"I was in New York on business about four years ago. I was walking back to my hotel after visiting my people at New American Library when I saw a guy selling wind-up monkeys on the street. There was a platoon of them standing on a gray blanket he'd spread on the sidewalk at the corner of Fifth and Forty-fourth, all grinning and bending and clapping their cymbals. They looked really scary to me, and I spent the rest of the walk back to the hotel wondering why. I decided they reminded me of the lady with the shears . . . the one who cuts everyone's thread one day. So keeping that in mind, I wrote the story, most of it longhand, in a hotel room."

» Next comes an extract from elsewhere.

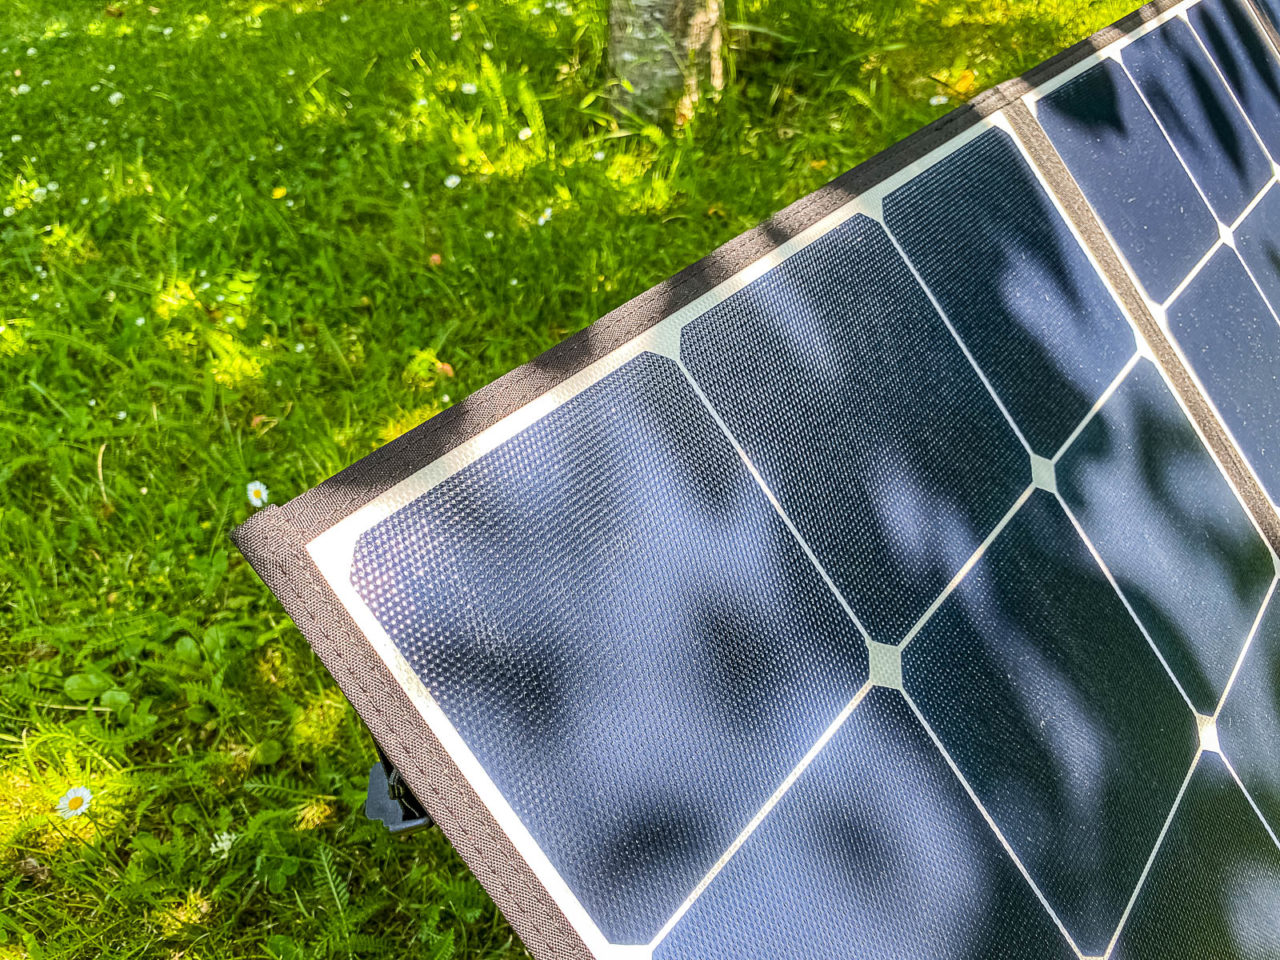 PowerOak Bluetti SP120 Solarpanel Test - Die Solarzellen aus der Nähe

--Stephen King, "Story Note on 'The Monkey,'" Skeleton Crew, 1985
The new film version of The Monkey (2025) is a bit of a departure for director Osgood Perkins. It has a grotesque sense of humor that I didn't know he had and an instinct for the grand guignol that is new to his films. Ordinarily, his films are mood pieces that trade on atmosphere and menace more than plot, but this one is a cartoon. It shares with the Stephen King story its central idea of a wind-up monkey that causes death when it's wound up to action. In the story, the monkey has a pair of cymbals. In the movie they've changed it to a drum for reasons of copyright (they did not want to run afoul of Disney and their army of lawyers). It's a minor change. It also takes from the story its central characters, two brothers who find the monkey in childhood and realize its power. Apart from that, this is a film that ranges far afield of King's story, which is nothing new to the author. "Based on" is too strong a credit for what this takes from King. "Suggested by" might have been more apt. That doesn't mean that it's bad. Just different.